_AVAILABLE DATA_
^^^^^^^^^^^^^^^^
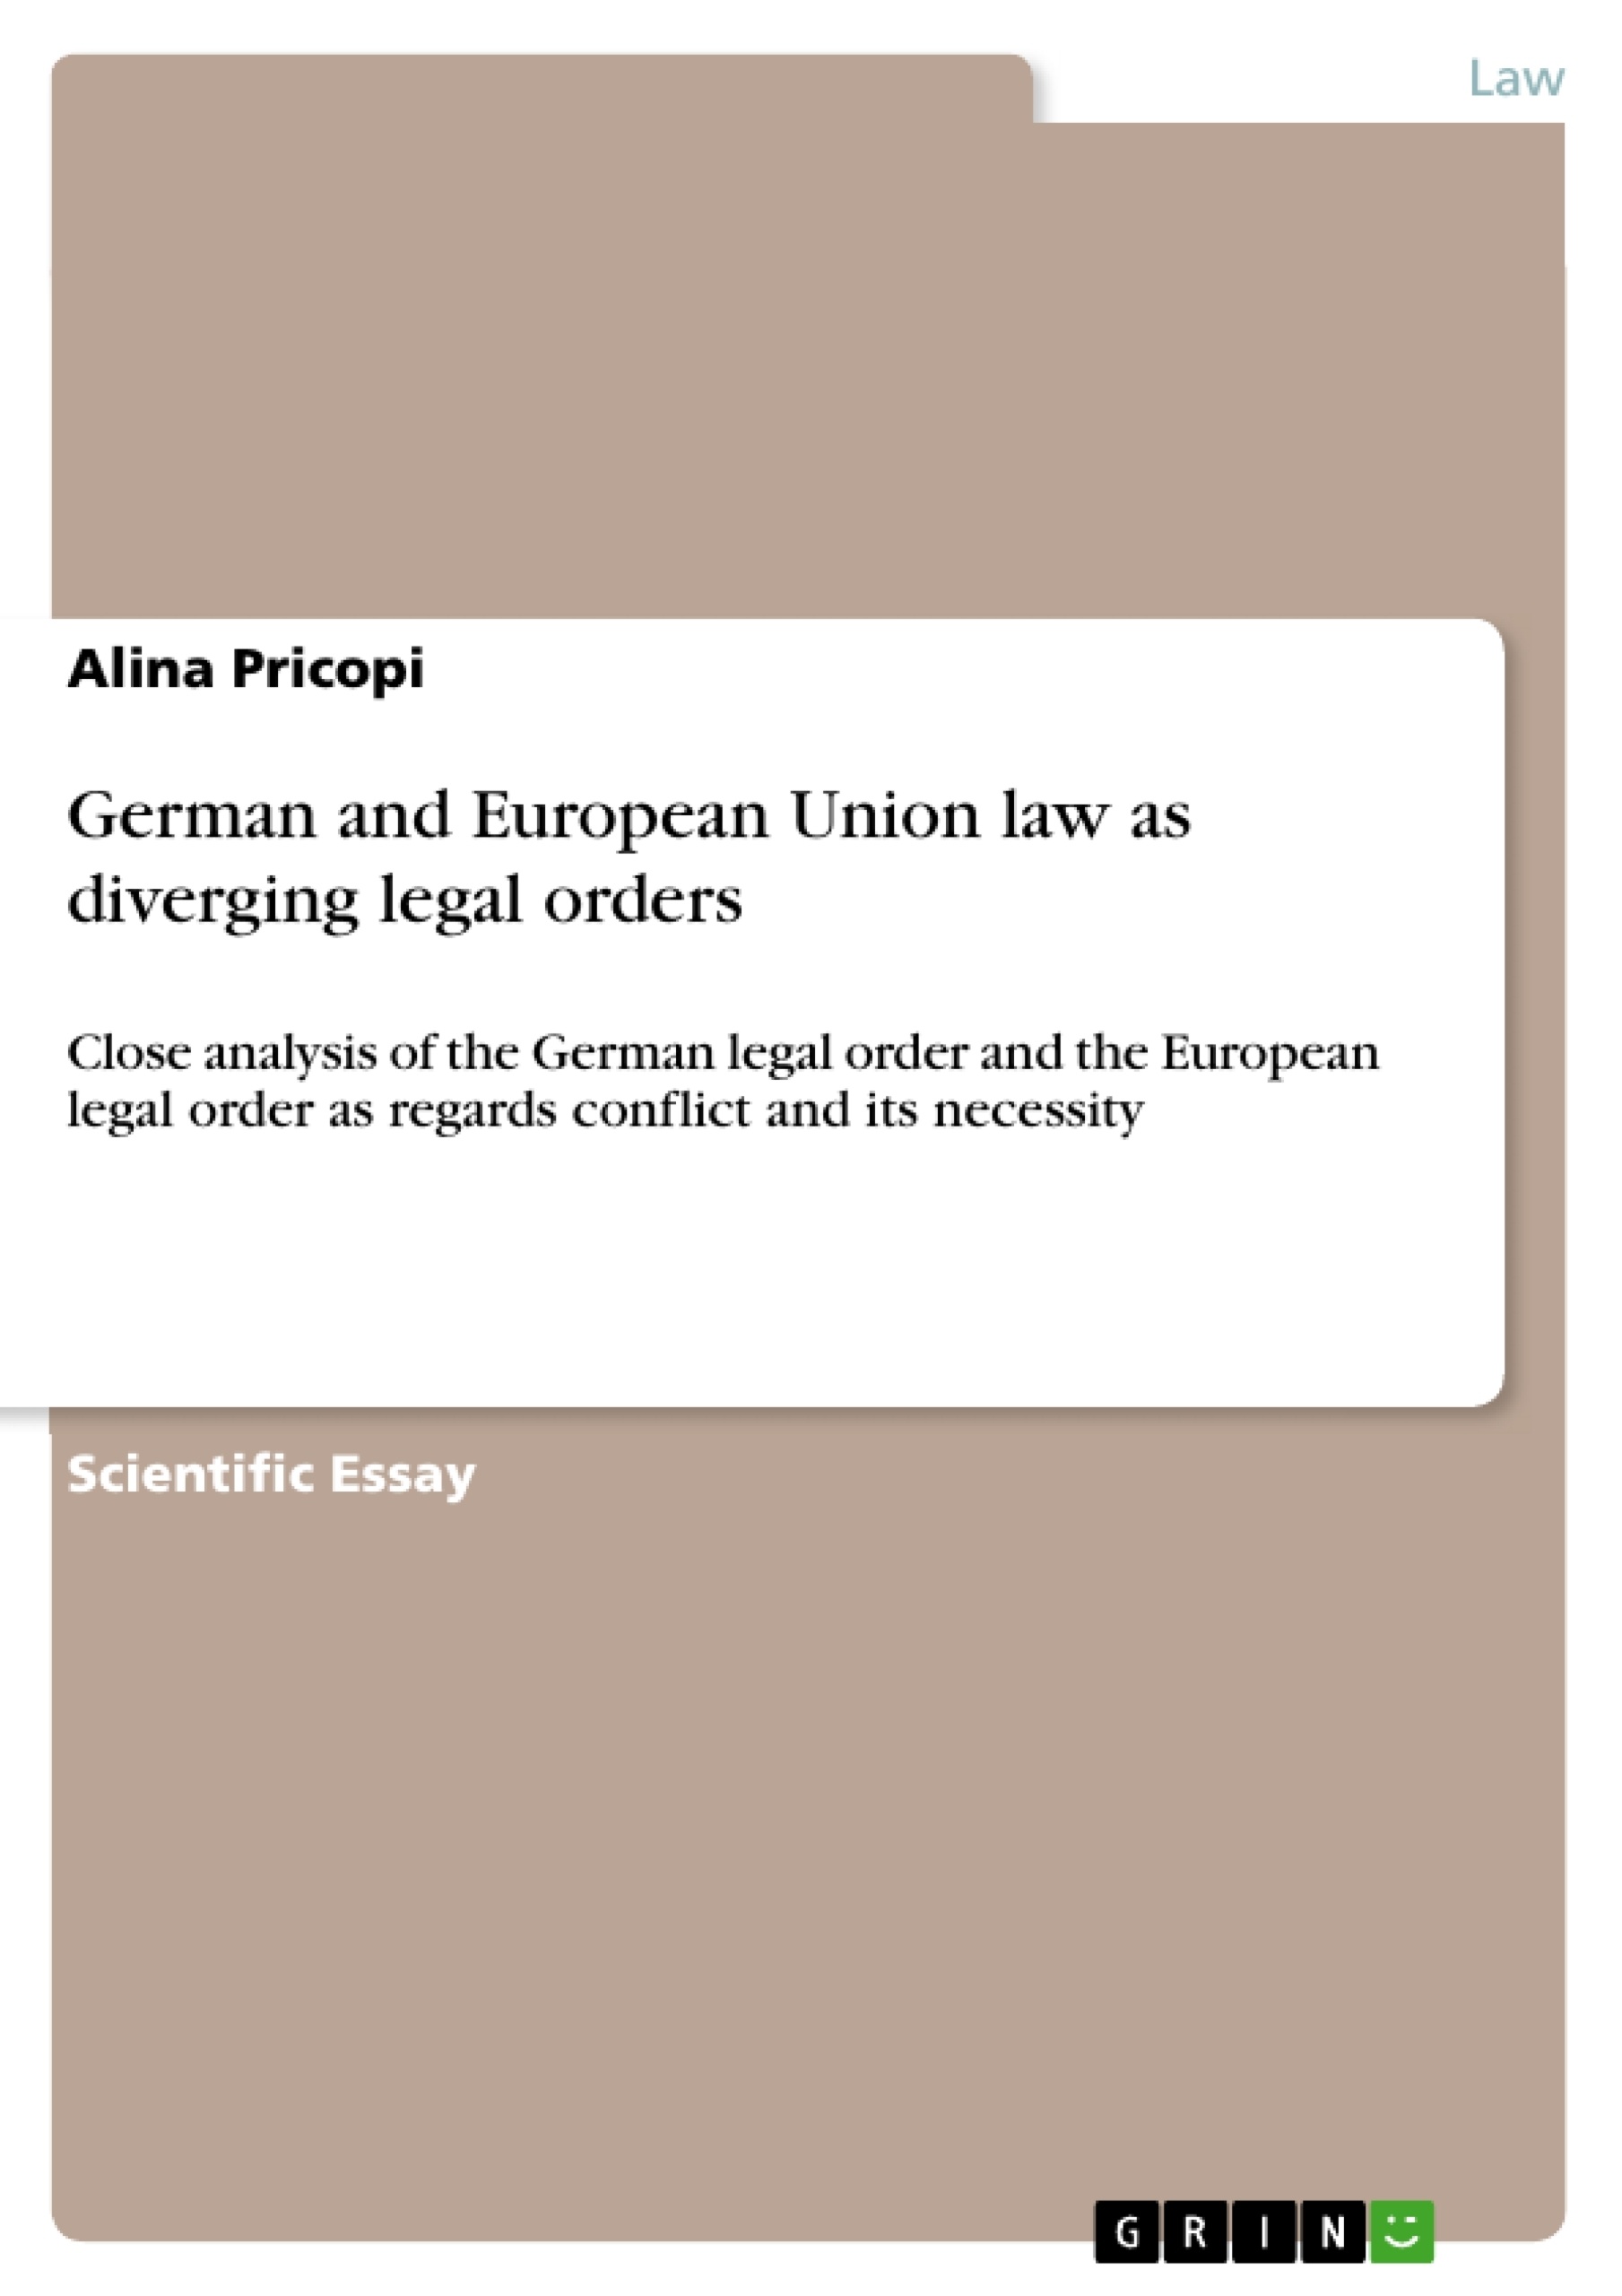 Title: German and European Union law as diverging legal orders
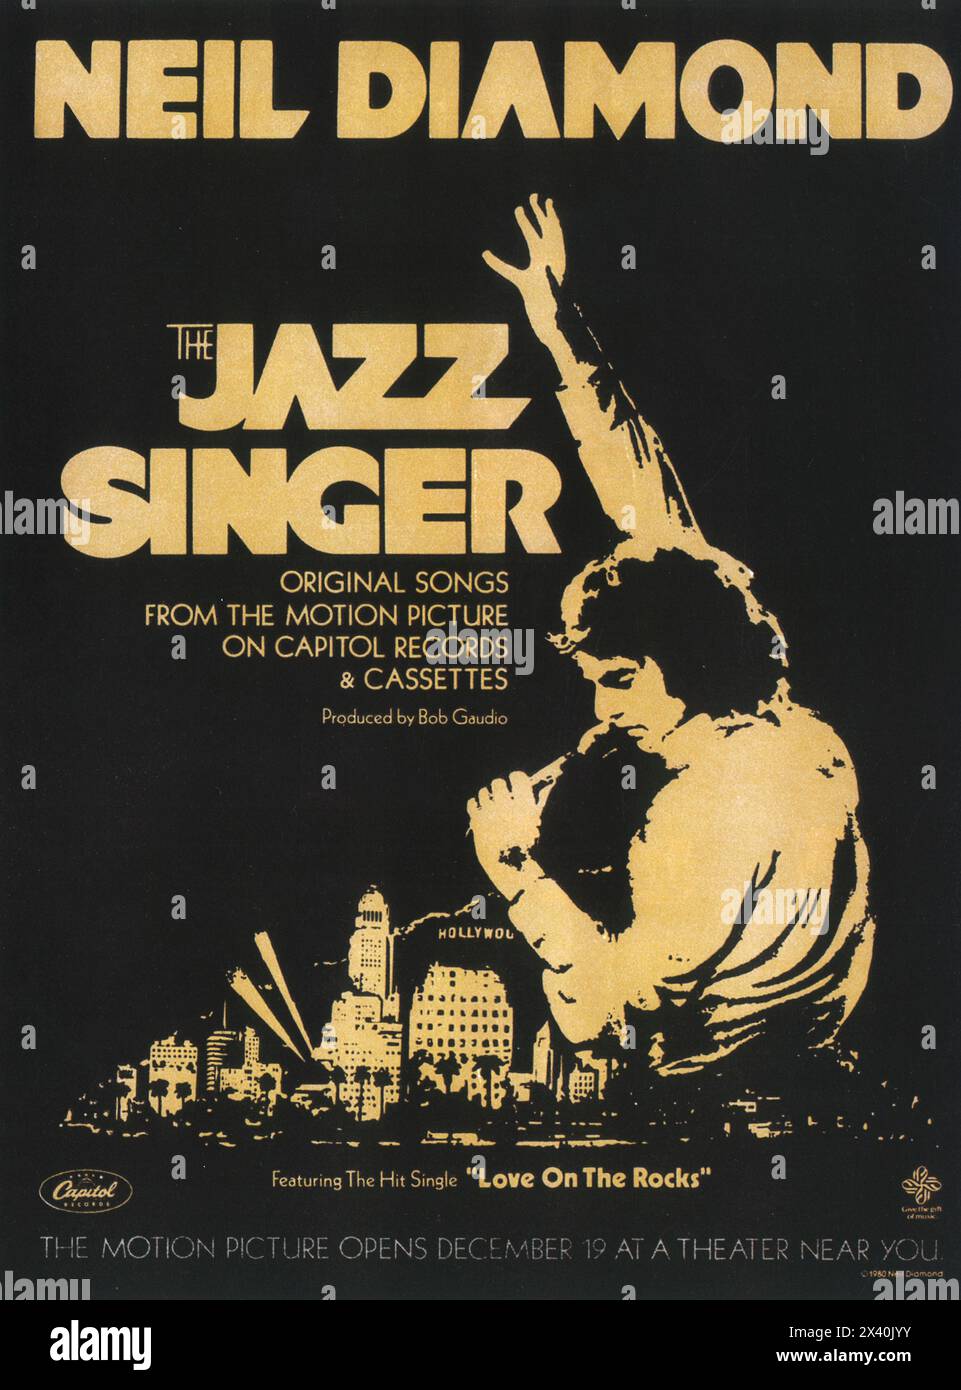 1980 Neil Diamond – The Jazz Singer - original songs from the Movie  album release cover poster Stock Photo
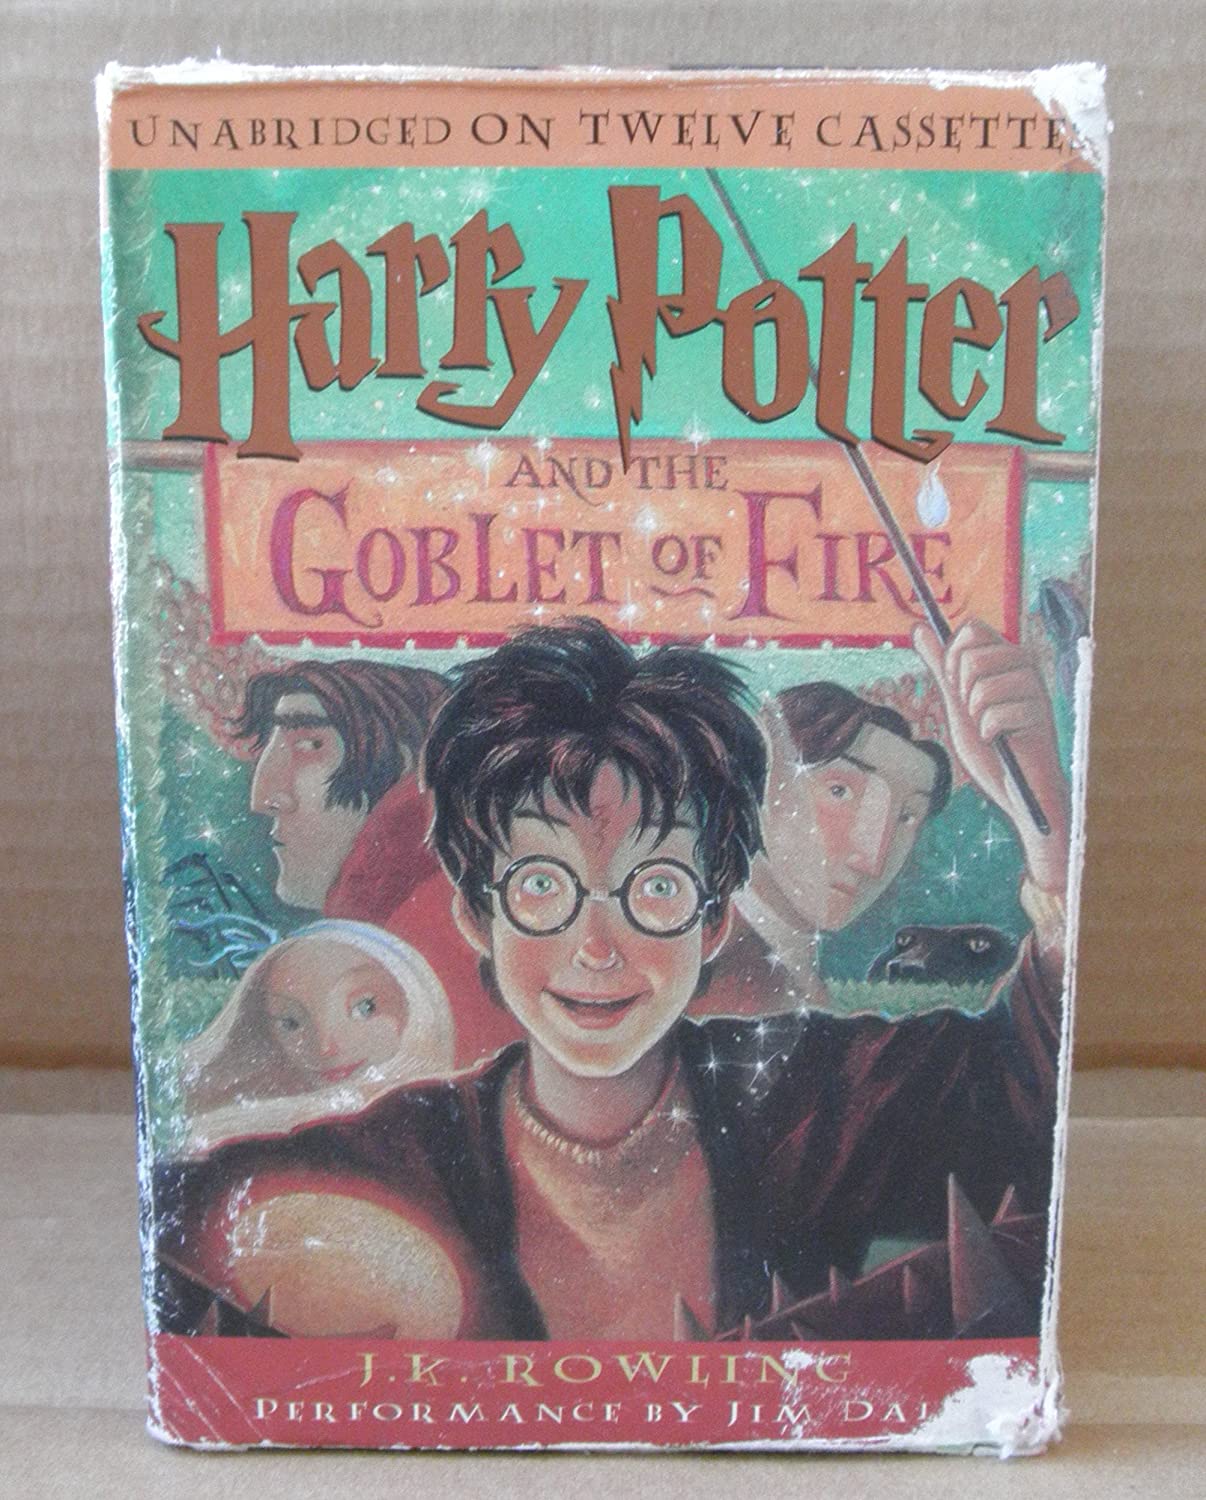 Harry Potter And The Goblet Of Fire Audiobook Free / Listen To Harry ...
^^^^^^^^^^^^^^^^
_WHAT THE TASK REQUIRES_
The whole listing above must be returned exactly as written, with no pictures carried over.

_RESPONSE FOR THIS EXERCISE_
 Title: German and European Union law as diverging legal orders
 1980 Neil Diamond – The Jazz Singer - original songs from the Movie  album release cover poster Stock Photo
 Harry Potter And The Goblet Of Fire Audiobook Free / Listen To Harry ...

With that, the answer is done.